MNGIE, timidin fosforilazı (TP) kodlayan TYMP geninin mutasyonlarından kaynaklanır; gen, kromozom 22’nin (22q13.32-qter) uzun kolunun (q) ucuna (telomer) yakın bir yerde bulunur. İnsan hücrelerinin çekirdeğinde bulunan kromozomlar, her bireyin genetik bilgisini taşır. İnsan vücut hücrelerinde normalde 46 kromozom bulunur. İnsan kromozom çiftleri 1’den 22’ye kadar numaralandırılır ve cinsiyet kromozomları X ve Y olarak adlandırılır.

Erkeklerde bir X ve bir Y kromozomu, kadınlarda ise iki X kromozomu bulunur. Her kromozomun “p” ile gösterilen kısa bir kolu ve “q” ile gösterilen uzun bir kolu vardır. Kromozomlar ayrıca numaralandırılmış birçok banda bölünmüştür. Örneğin, “kromozom 22q13.32-qter”, kromozom 22’nin uzun kolunun uç kısmına (ter) ait 13 numaralı bantları ifade eder. Numaralandırılmış bantlar, her bir kromozomda bulunan binlerce genin konumunu belirtir.
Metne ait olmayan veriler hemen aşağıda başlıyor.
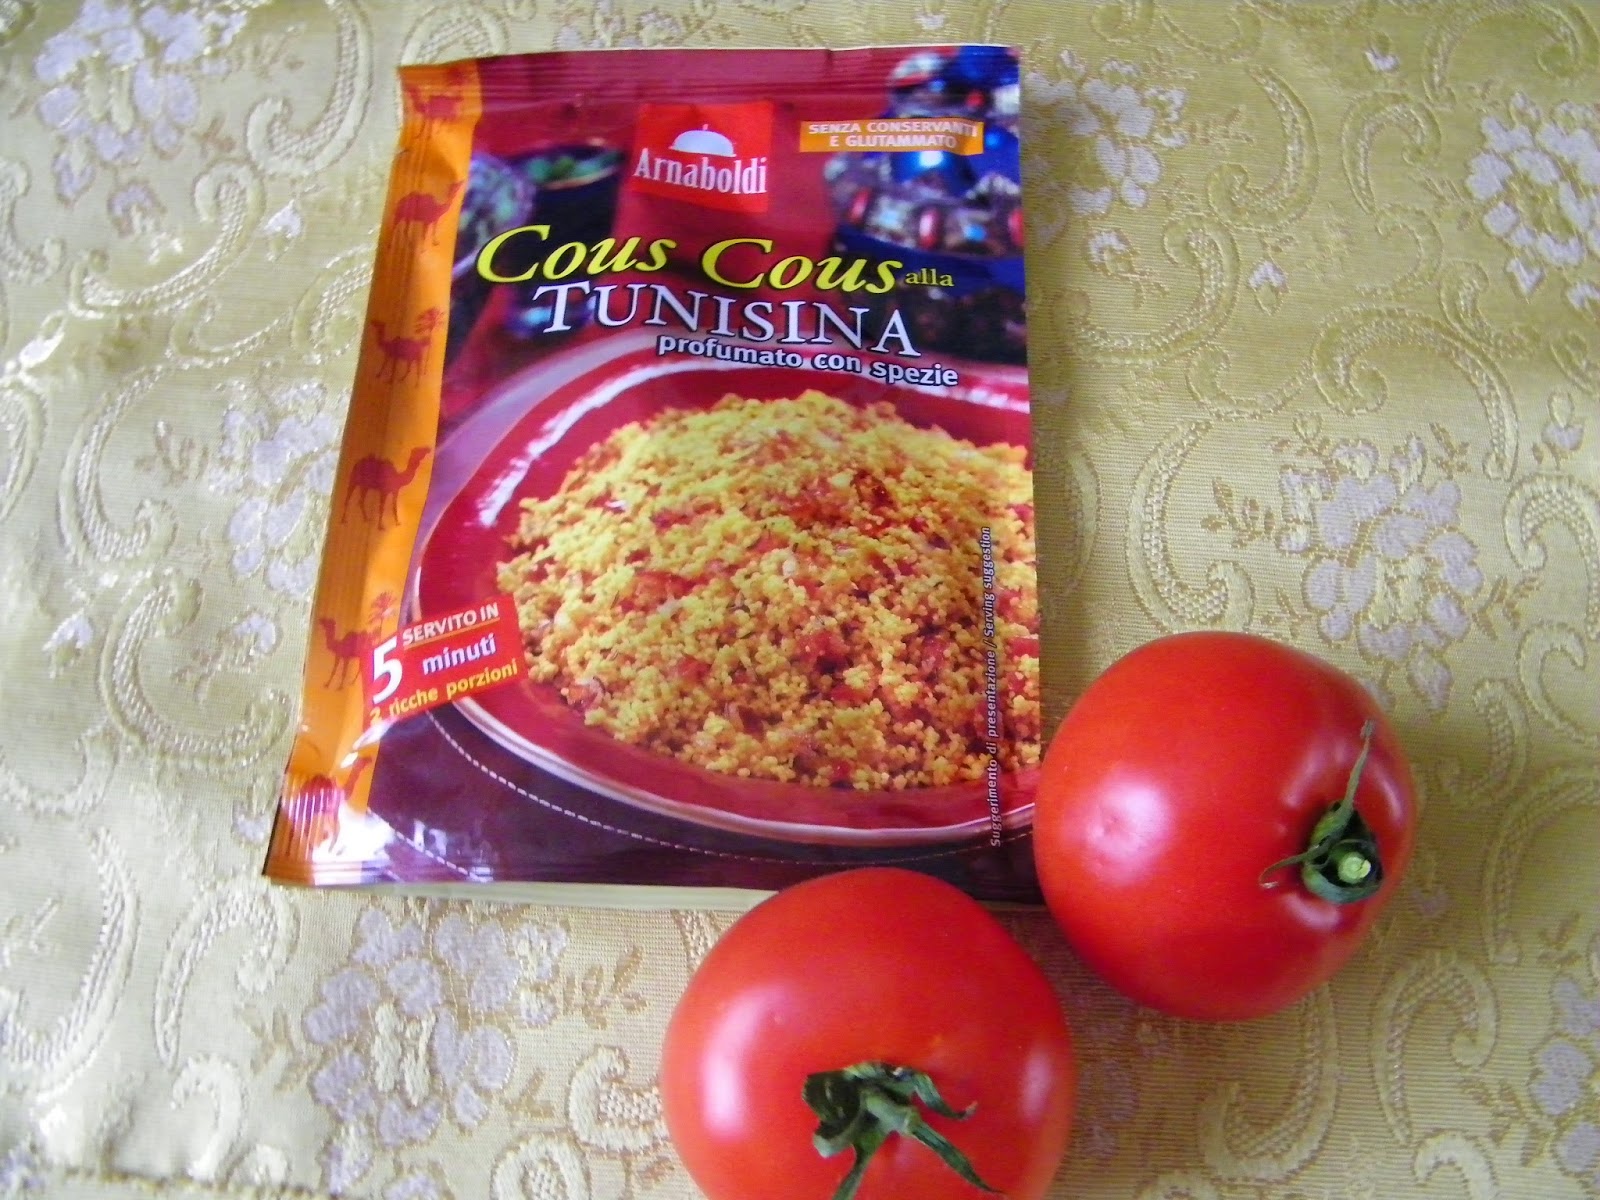  ,pomodori ripieni di  cous cous alla tunisina arnaboldi
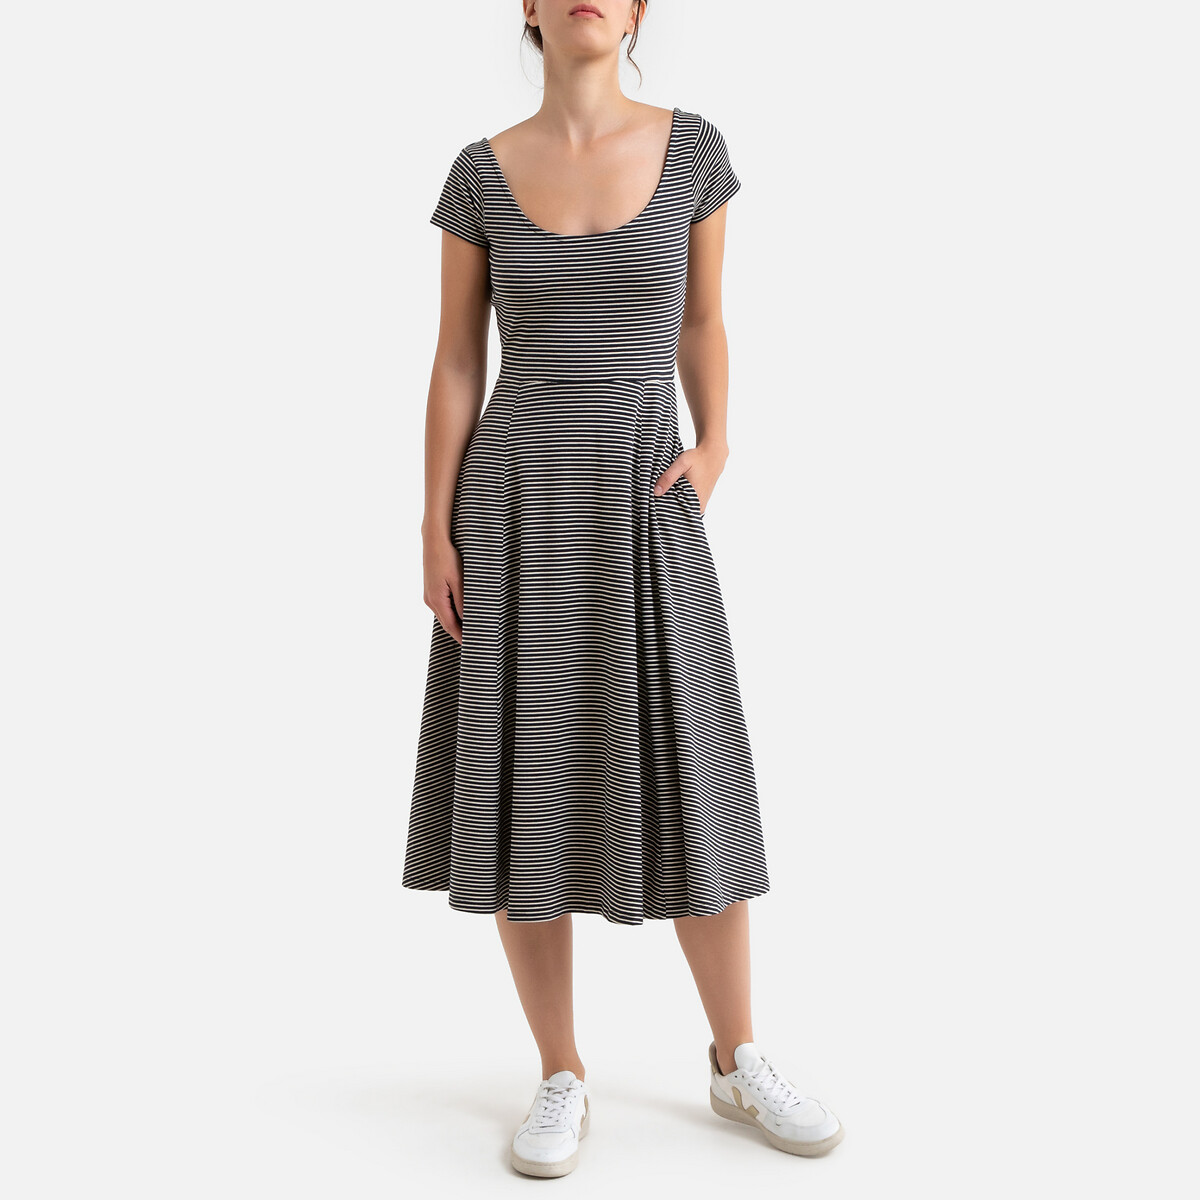 Платье La Redoute Длинное расклешенное в полоску с короткими рукавами XS бежевый, размер XS - фото 1

TYMP geni, vücuttaki belirli kimyasal bileşiklerin (nükleosidler) parçalanması ve dönüştürülmesi için gerekli bir enzim olan timidin fosforilazın üretimi için talimatlar (kodlar) içerir. TP genindeki mutasyonlar, vücut hücrelerinde ve dokularında timidin fosforilazın çok düşük aktivitesine neden olur. TP enziminin eksikliği vücutta anormal derecede yüksek nükleozid, deoksiüridin ve timidin seviyelerine neden olur. 

Araştırmacılar, yüksek düzeydeki timidin hasarının veya mitokondriyal DNA replikasyonunu, onarımını veya her ikisini birden bozduğuna inanıyor. MNGIE’li bireylerde mitokondriyal DNA kusurları (örneğin tükenmeler, silinmeler, kopyalar) bulunur. Mitokondriyal DNA yaşam boyunca sürekli olarak onarılır ve çoğalır; bu nedenle etkilenen bireylerin yaşlandıkça mitokondriyal DNA’da ek anormallikler biriktirdiğine inanılır.

Ayrıntılı bir hasta öyküsü, kapsamlı bir klinik değerlendirme, karakteristik bulguların tanımlanması ve kan testleri veya manyetik rezonans görüntüleme (MRI) gibi çeşitli özel testlere dayanarak MNGIE tanısından şüphelenilir. Kan testleri laktik asidin yükseldiğini ortaya çıkarabilir. MRI, belirli organların ve vücut dokularının kesit görüntülerini üretmek için manyetik alan ve radyo dalgalarını kullanır. MNGIE’li bireylerde asemptomatik lökoensefalopatiyi göstermek için kullanılır.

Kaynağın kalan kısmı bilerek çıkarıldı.